Stellar Evolution in the Disks of Active Galactic Nuclei Produces Rapidly Rotating Massive Stars

• Published in: The Astrophysical journal Vol. 914; no. 2; pp. 105 - 119
• Main Authors: Jermyn, Adam S., Dittmann, Alexander J., Cantiello, Matteo, Perna, Rosalba
• Format: Journal Article
• Language: English
• Published: Philadelphia The American Astronomical Society 01.06.2021; IOP Publishing
• Subjects: Accretion disks; Active galactic nuclei; Astrophysics; Black holes; Chemical pollution; Galactic evolution; Galactic rotation; Gamma ray bursts; Gamma rays; Low mass stars; Massive stars; Quasars; Stars; Stellar evolution; Stellar evolutionary models; Stellar physics; Stellar rotation
• ISSN: 0004-637X; 1538-4357
• DOI: 10.3847/1538-4357/abfb67

Stars can either be formed in or captured by the accretion disks in active galactic nuclei (AGNs). These AGN stars are irradiated and subject to extreme levels of accretion, which can turn even low-mass stars into very massive ones ( M > 100 M ⊙ ) whose evolution may result in the formation of massive compact objects ( M > 10 M ⊙ ). Here we explore the spins of these AGN stars and the remnants they leave behind. We find that AGN stars rapidly spin up via accretion, eventually reaching near-critical rotation rates.
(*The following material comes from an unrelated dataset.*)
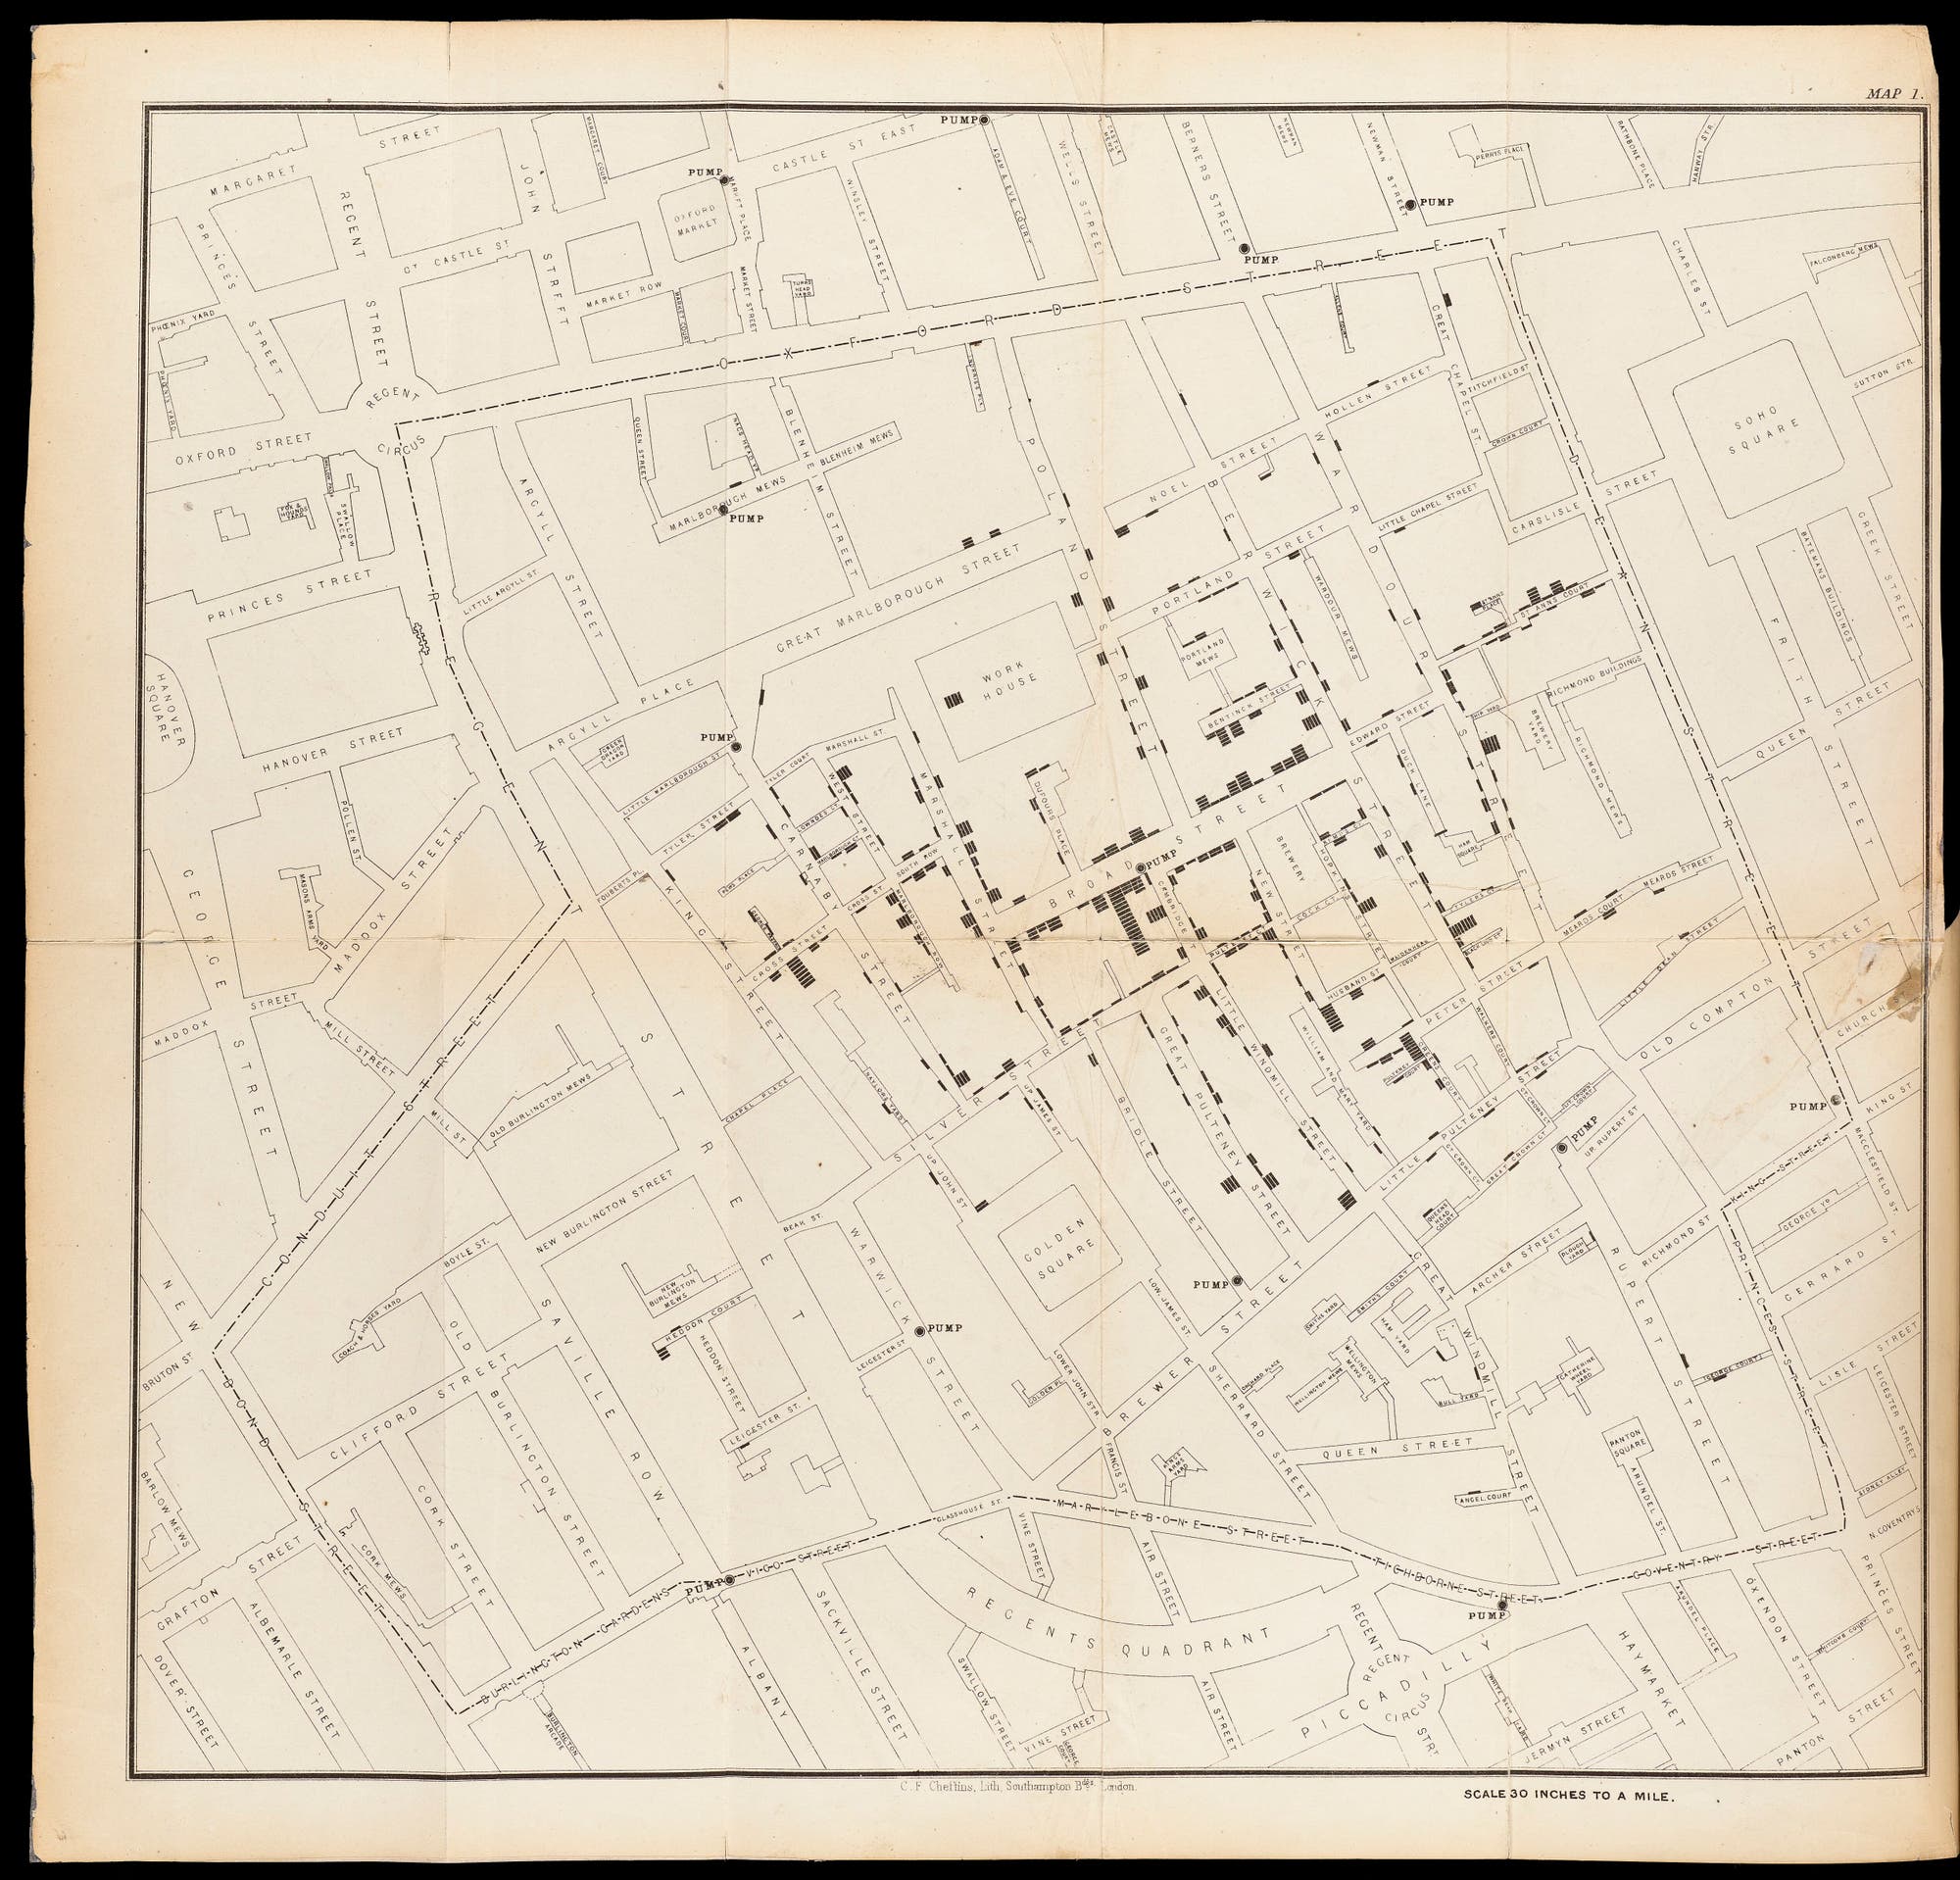 Eine Karte des Londoner Stadtteils Soho mit eingezeichneten Punkten

They further maintain near-critical rotation even as they shed their envelopes, become compact, and undergo late stages of burning. This makes them good candidates to produce high-spin massive black holes, such as the ones seen by LIGO-Virgo in GW 190521g, as well as long gamma-ray bursts and the associated chemical pollution of the AGN disk.